Why do you believe it could be capable of showing that |N --> P(|N)
does not exist?

Regards, WM

From: mueckenh on

Virgil schrieb:


>
> Give us an example of such an f, K_f and M_f, to show that such an f,
> K_f anf M_f can actually exist.

If the set {f, k, K} could actually exist, then M would be countable.
But it is not, isn't it?
>
> If they can exist at all, it is easy enough to show that there is a
> bijection beween |N and M_f, and if they can't then there is no M_f to
> worry about.

In order to define K_f you first have map all natural numbers n of |N
on the finite subsets of |N. Then consider K_f. But there is no element
k of |N remaining, which could be mapped on K. Hence the set M is
uncountable. It is about the same as Cantors diagonal proof. The
diagonal number depends on all numbers of his list. Moreover, after
constructing the diagonal number, it turns out to belong to a countable
set. My M remains uncountable in any instance.

Regards, WM

From: mueckenh on

Virgil schrieb:

> > M depends on f. And when you take g, then M depends on g. That is the
> > essence of M.
>
> Wrong! Given any two large sets are many functions for one to the other
> and equality of cardinality depends on whether any one of them is a
> bijection. Given two sets to compare, you cannot restrict things to only
> one allowable function between them but must allow all possible
> functions between them to be considered.

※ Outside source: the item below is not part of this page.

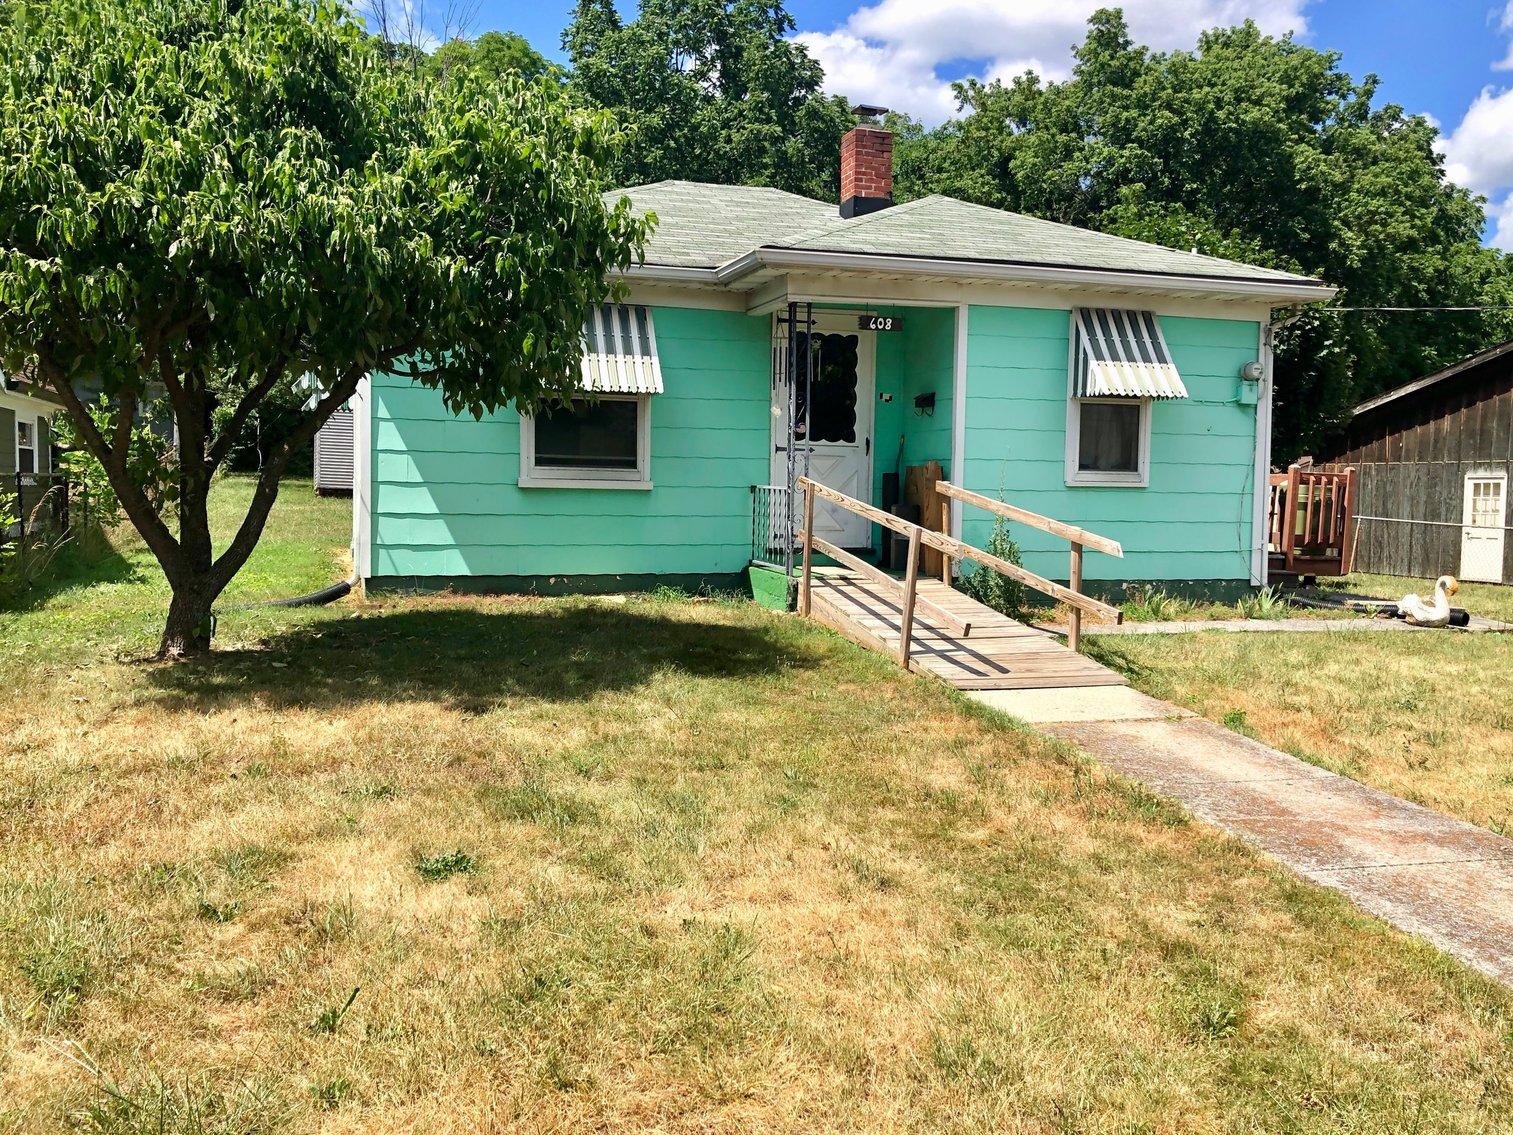 Image for 2 BR/1 BA Home in Harrisonburg, VA, Only 2 Miles From James Madison Univeristy--SELLS to the HIGHEST BIDDER!!
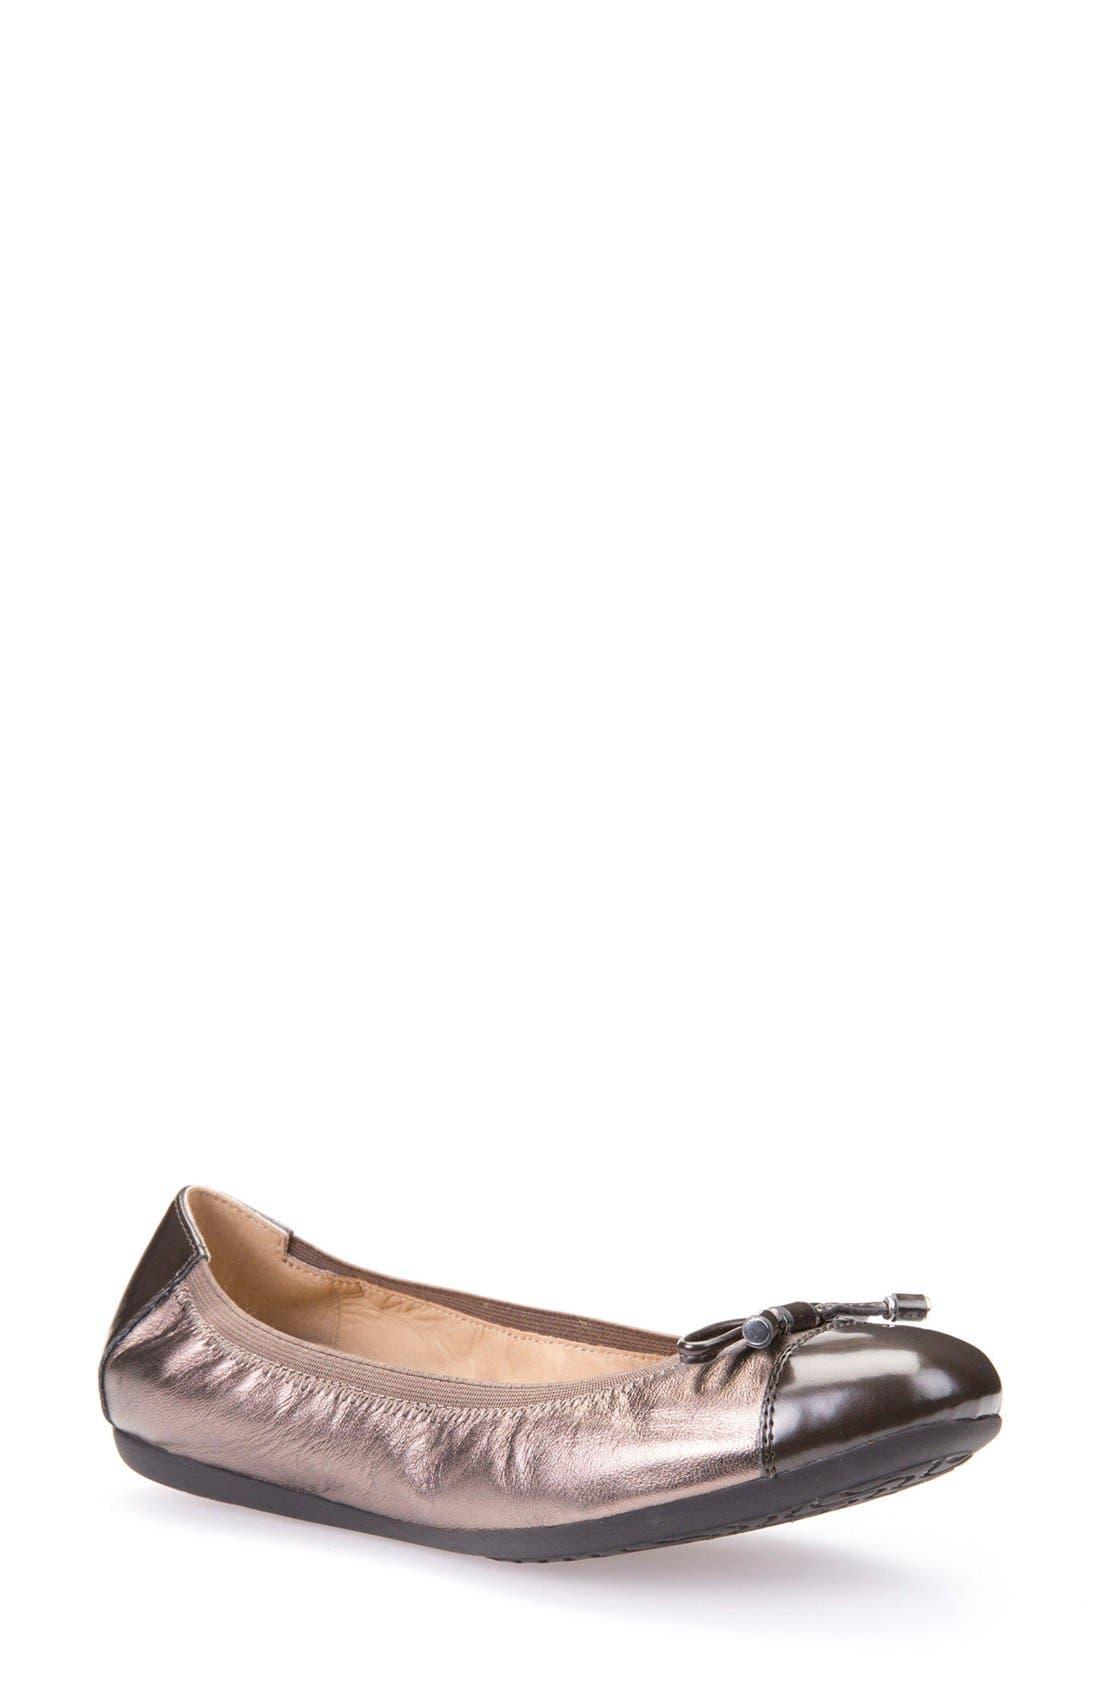 Lola Fit Cap Toe Ballet Flat,                         Main,                         color, Gunmetal Metallic Leather

I allow for all functions, because I did not introduce any
restrictions.
> >
> > > In order to show that
> > > there is no bijection between N and M you are not allowed to change M
> > > for each and every attempted mapping.
> >
> > I do not change anything. I define K by exactly that mapping which is
> > assumed.
>
> Then there are other functions between N and M_f, one of which is a
> bijection.

Could you prove that assertion please?

> There are two issues here. The first is whether a function of the sort
> Meucken tries to create can exist at all. He has given no example of
> such a function, nor proof of existence.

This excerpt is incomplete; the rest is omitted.